Angesichts der militärischen Entwicklung wurde ein Siegfrieden immer unrealistischer, und auch Tirpitz' Kanzlerambitionen blieben ohne Erfolg. Der Beschluss zur Selbstauflösung erfolgte am 10. Dezember 1918 angesichts der November-Revolution. Parteiführer sowie –vermögen gingen zur Deutschnationalen Volkspartei (DNVP) über.

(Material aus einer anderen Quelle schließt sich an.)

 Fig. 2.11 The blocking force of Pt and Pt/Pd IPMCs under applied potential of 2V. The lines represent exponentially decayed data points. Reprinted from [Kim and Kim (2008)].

Die Ausgangslage in Bayern

Die Gründung des bayerischen Landesverbandes der DVLP kann als Höhepunkt der – bayernweit vor allem in München betriebenen – Agitation der sog. Kanzlersturzbewegung angesehen werden: Seit 1914/15 wurde in der Landeshauptstadt in informellen Zirkeln die Kriegszielfrage heiß diskutiert. Schriftliche Eingaben an die bayerische Regierung forderten neben der Absetzung des Reichskanzlers Annexionen in mehreren Ländern Europas sowie ein deutsches Kolonialreich in Afrika. Eine im Juli 1915 von über tausend "Intellektuellen Deutschlands" versandte Kriegsziel-Denkschrift unterschrieben auch 136 Bayern – unter anderem der pfälzische Reichsrat Franz von Buhl (1867-1921), der 1917 zum Ersten Vorsitzenden der Bayern-DVLP avancierte. 1916 formierte sich ein "Volksausschuss für die rasche Niederwerfung Englands". Diese Organisation stellte nicht nur den ersten Zusammenschluss der Münchner Annexionisten-Szene dar, sondern vereinigte bereits die Mehrheit der späteren Führungspersönlichkeiten der bayerischen DVLP, so zum Beispiel Max von Gruber (1853-1927) und Emil Kraepelin (1856-1926).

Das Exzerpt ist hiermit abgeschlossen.